- **TASK DIRECTIONS**: Only the text of the records, copied exactly, is wanted; no pictures.

- **PROVIDED MATERIAL**:

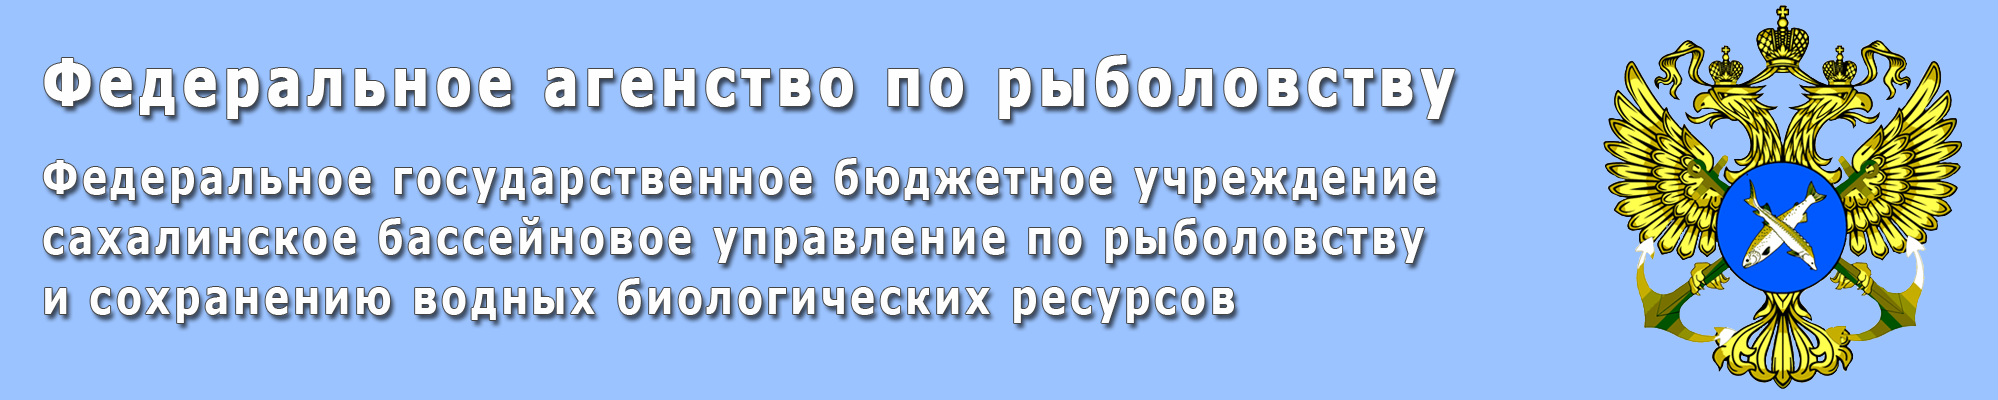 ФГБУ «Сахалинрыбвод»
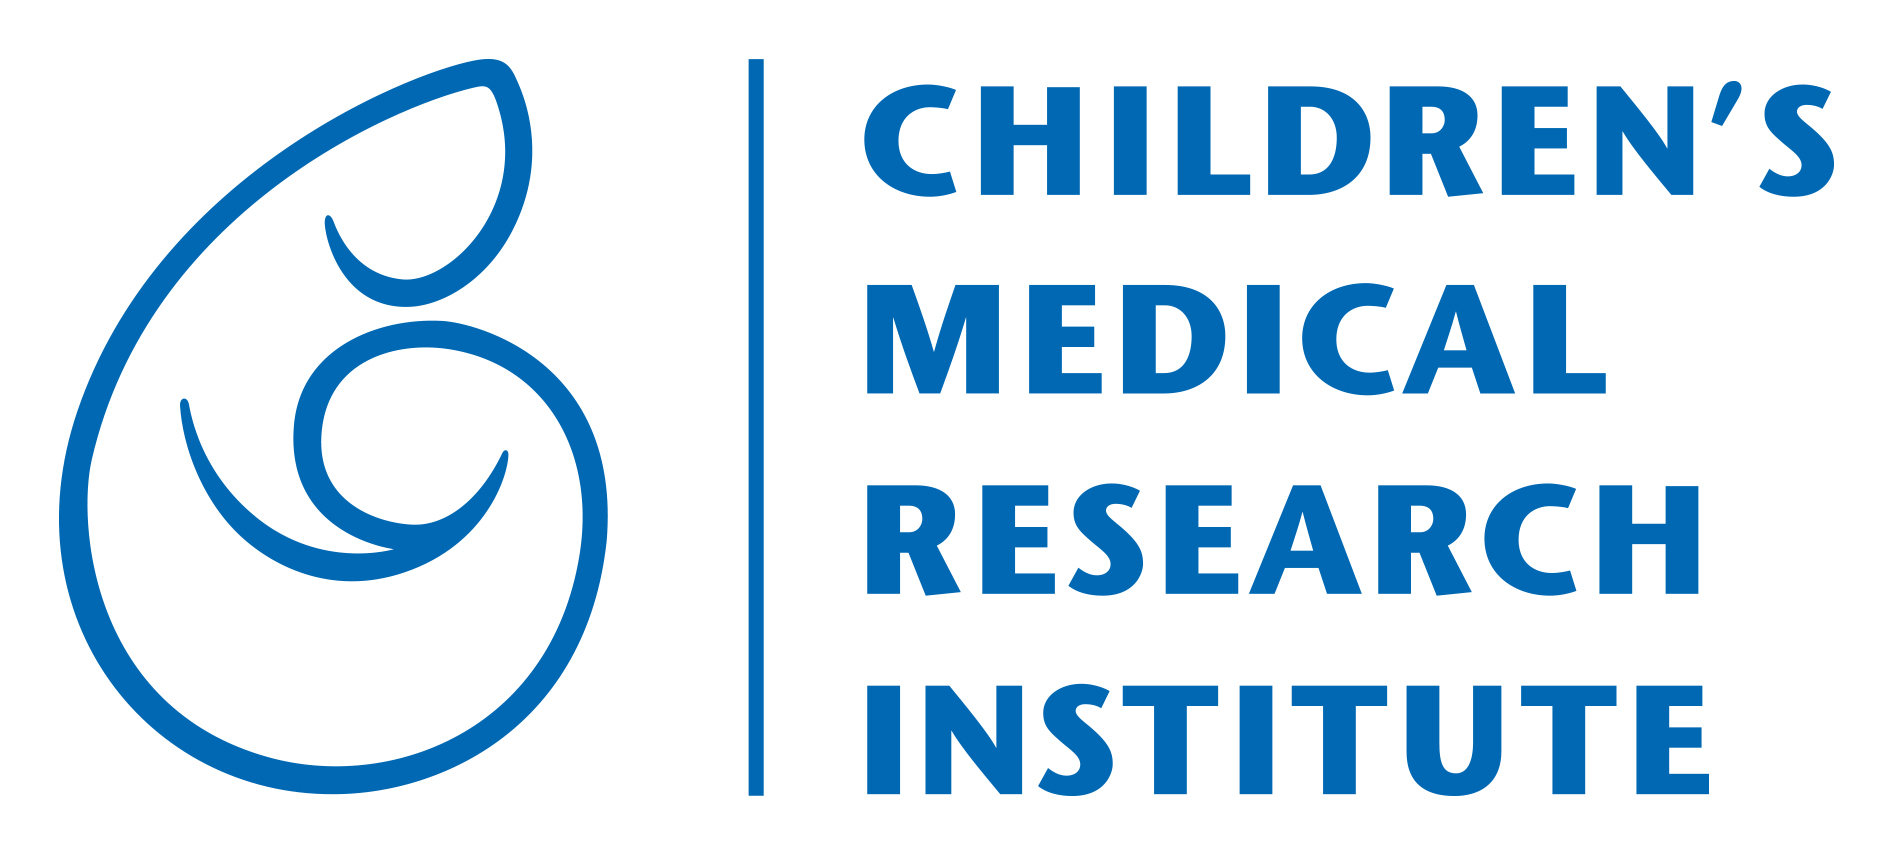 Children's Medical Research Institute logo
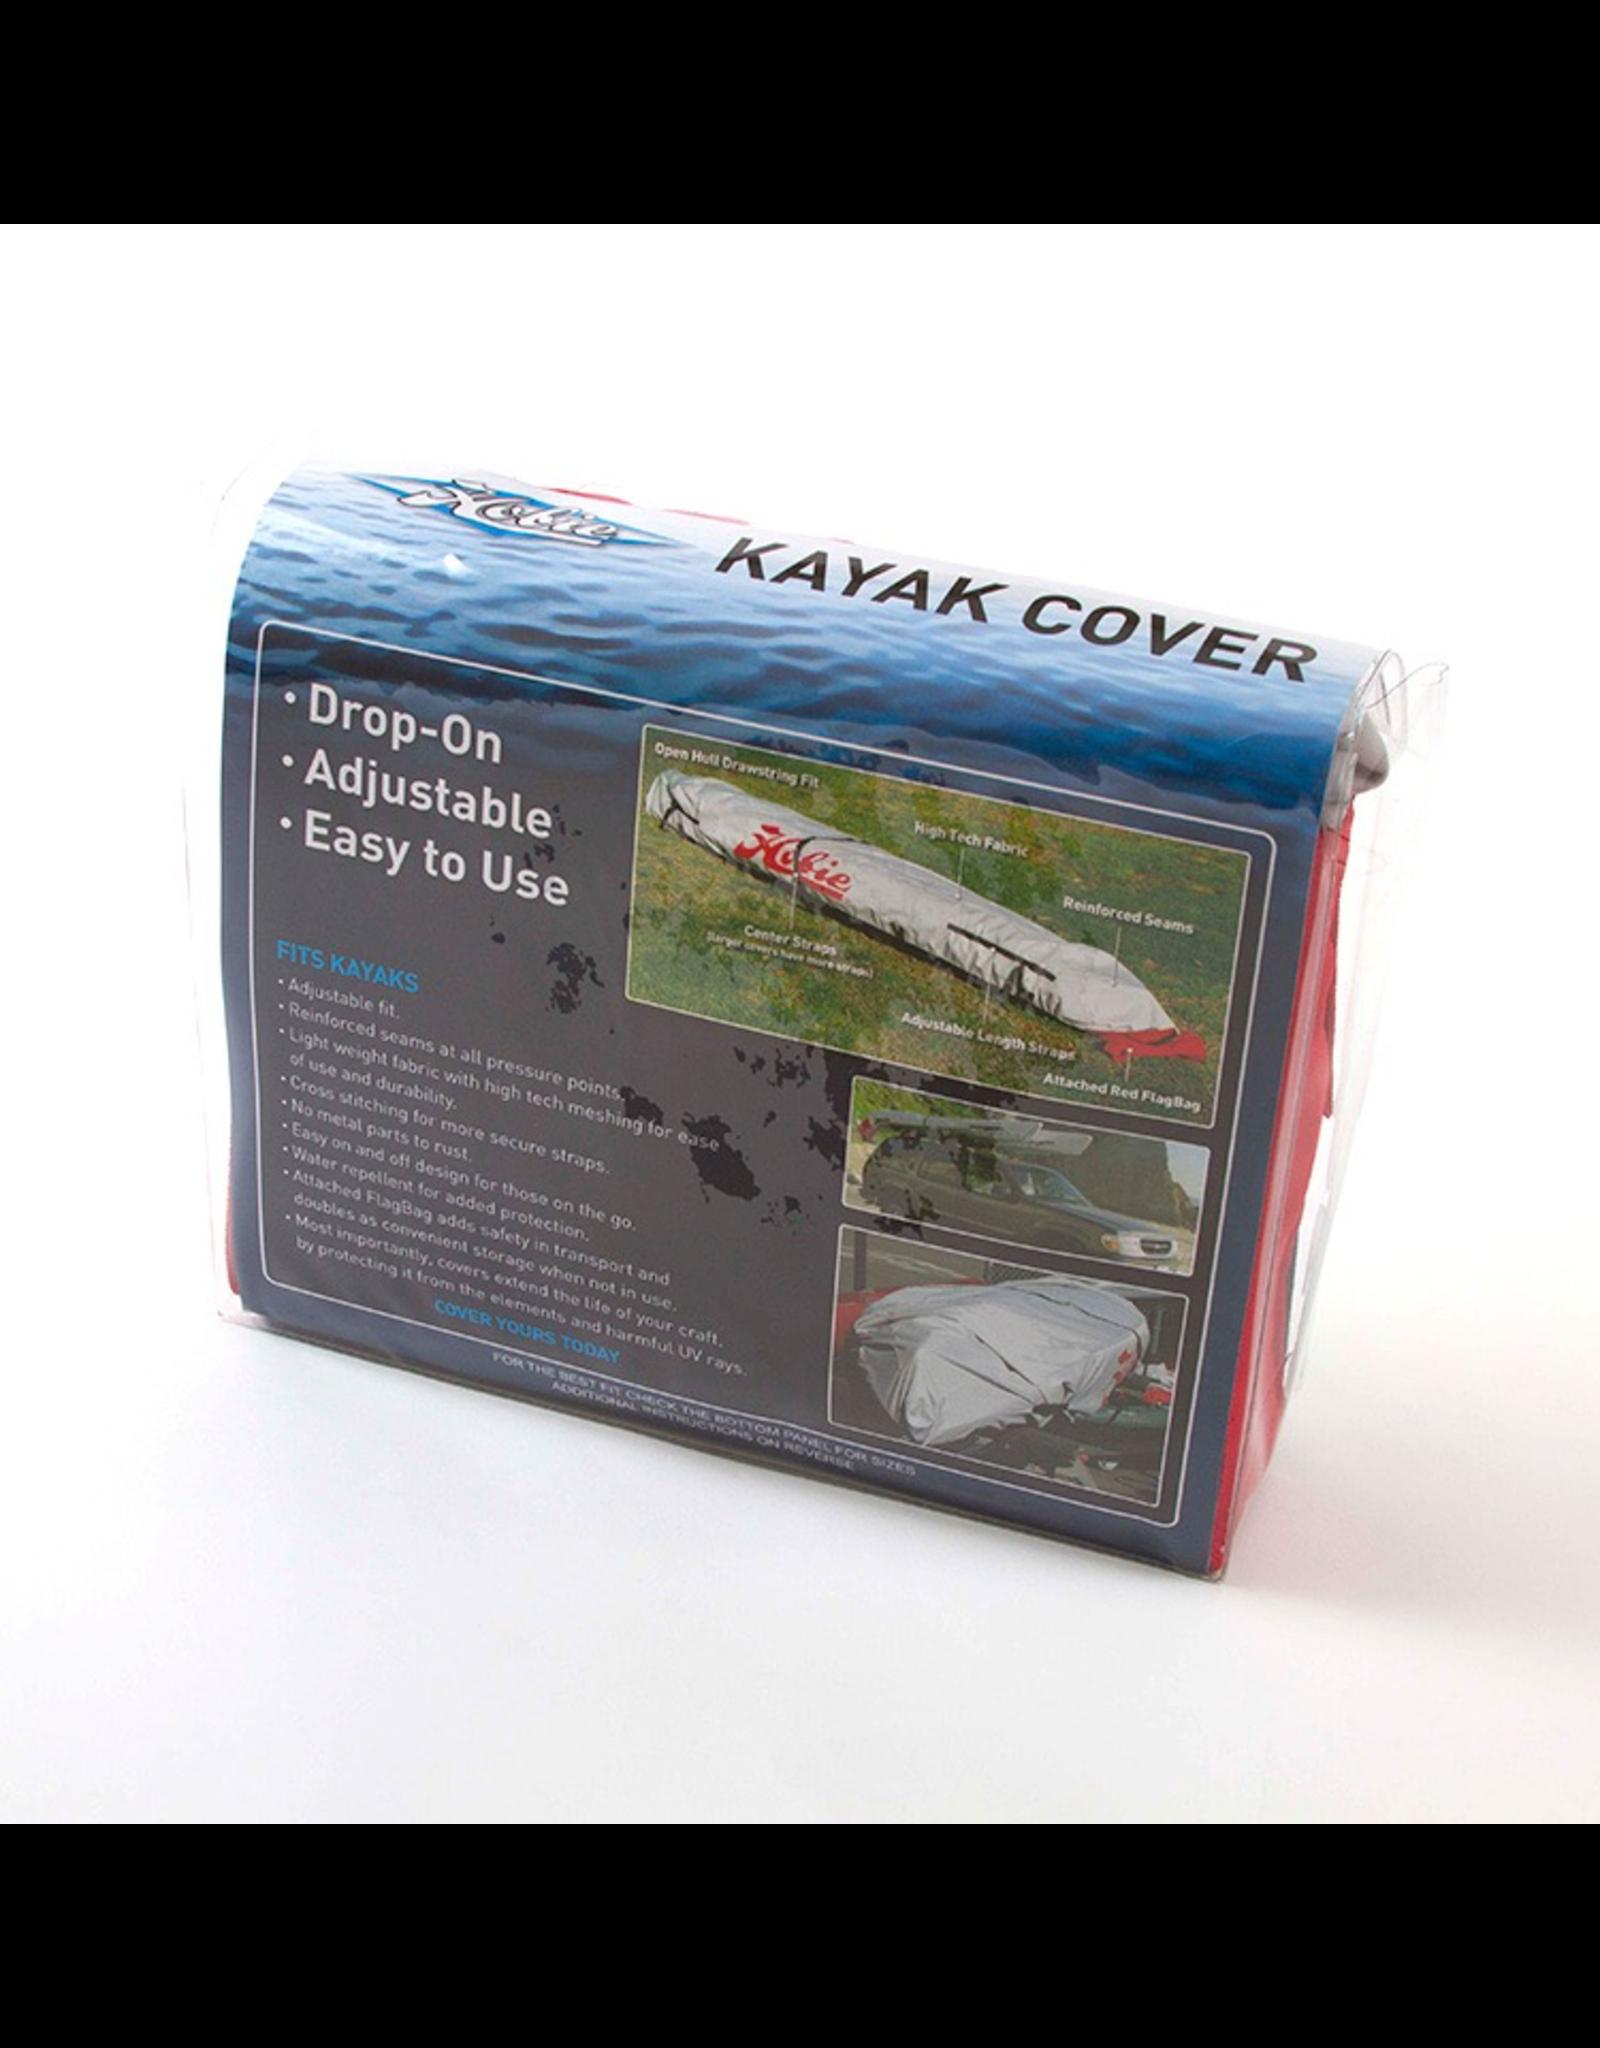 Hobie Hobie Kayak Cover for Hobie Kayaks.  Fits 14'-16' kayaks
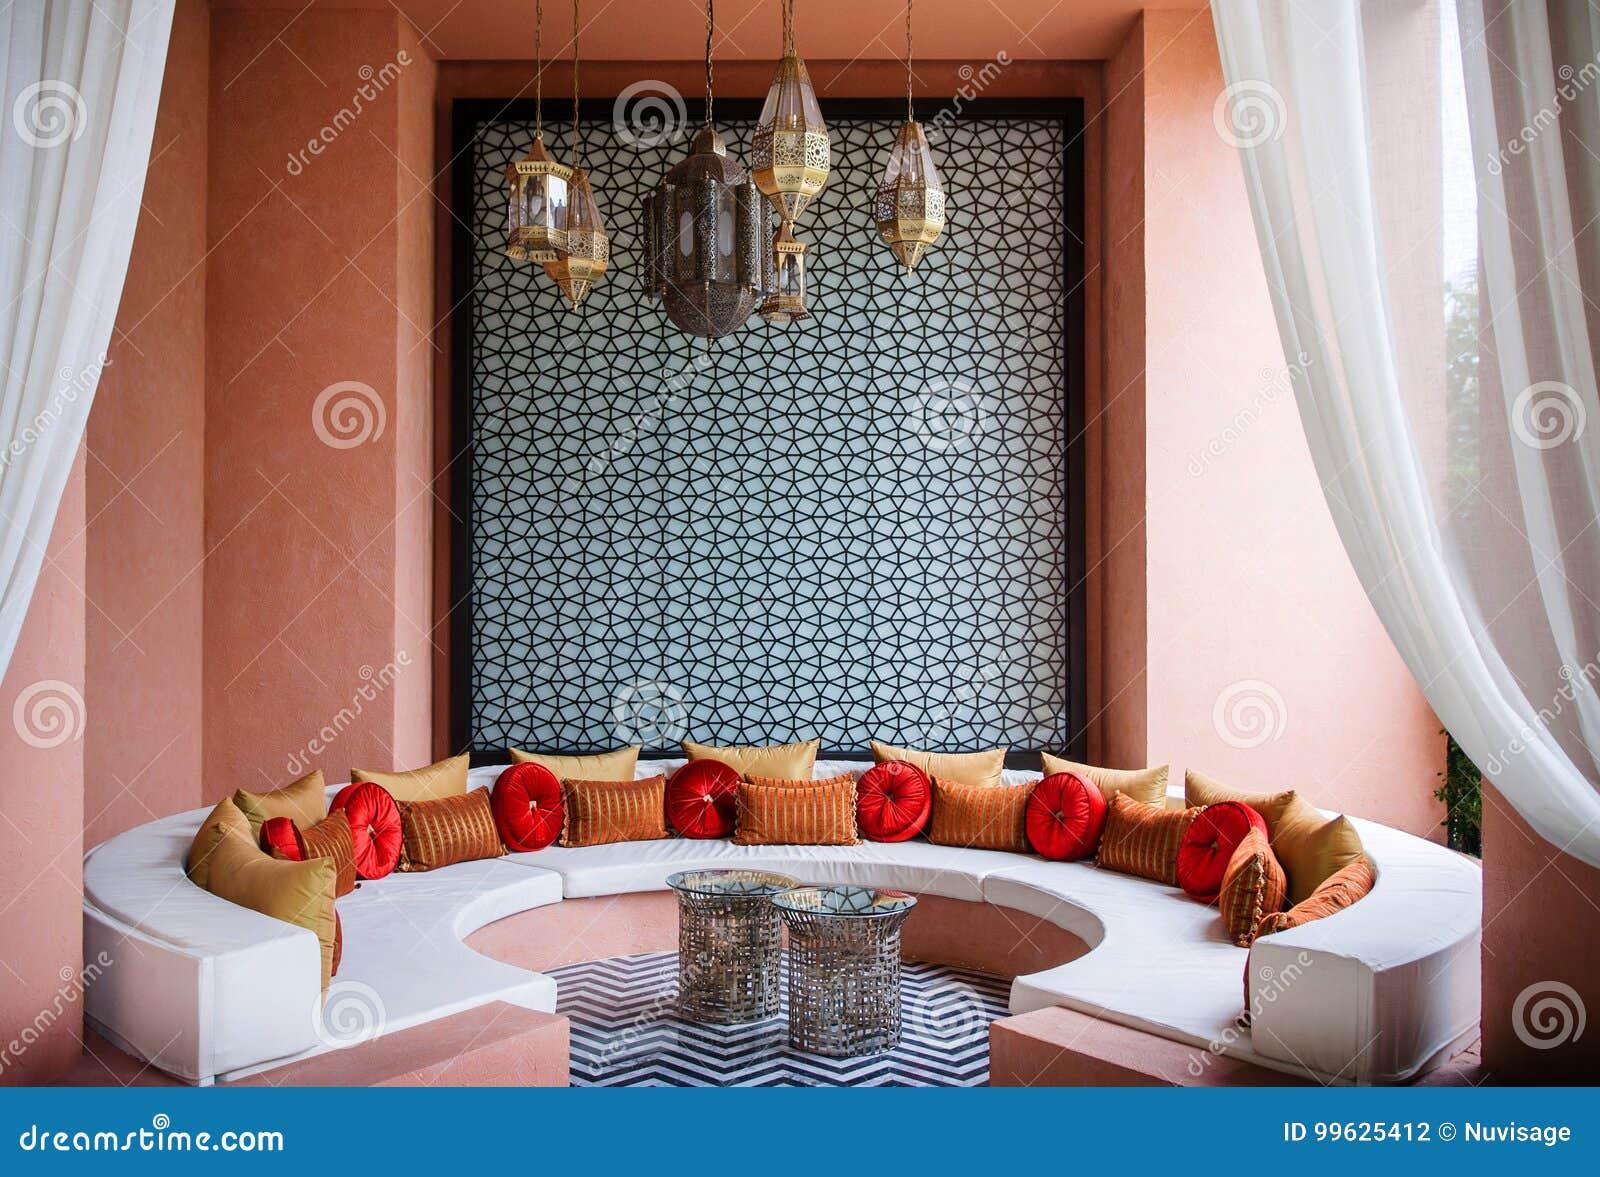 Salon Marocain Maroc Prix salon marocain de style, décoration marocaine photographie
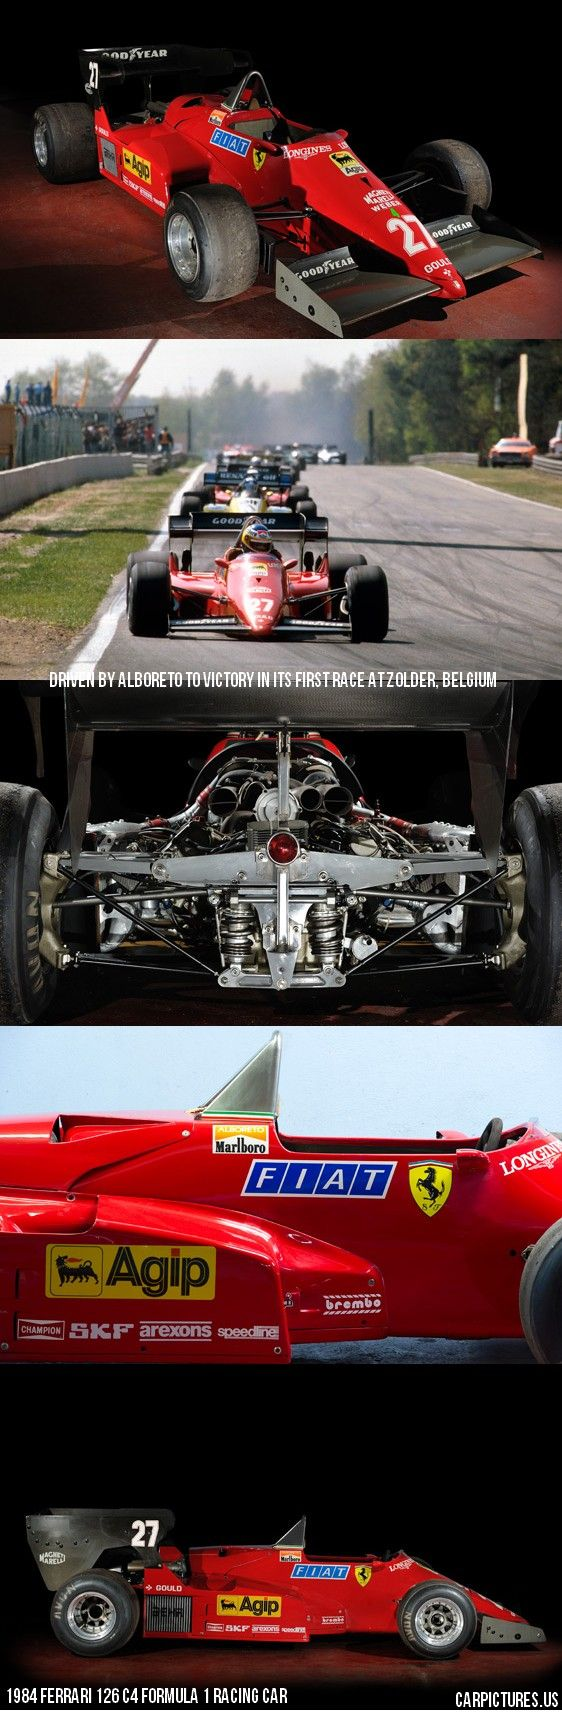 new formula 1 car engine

- **RESULT OF THIS EXERCISE**:
 ФГБУ «Сахалинрыбвод»
 Children's Medical Research Institute logo
 Hobie Hobie Kayak Cover for Hobie Kayaks.  Fits 14'-16' kayaks
 Salon Marocain Maroc Prix salon marocain de style, décoration marocaine photographie
 new formula 1 car engine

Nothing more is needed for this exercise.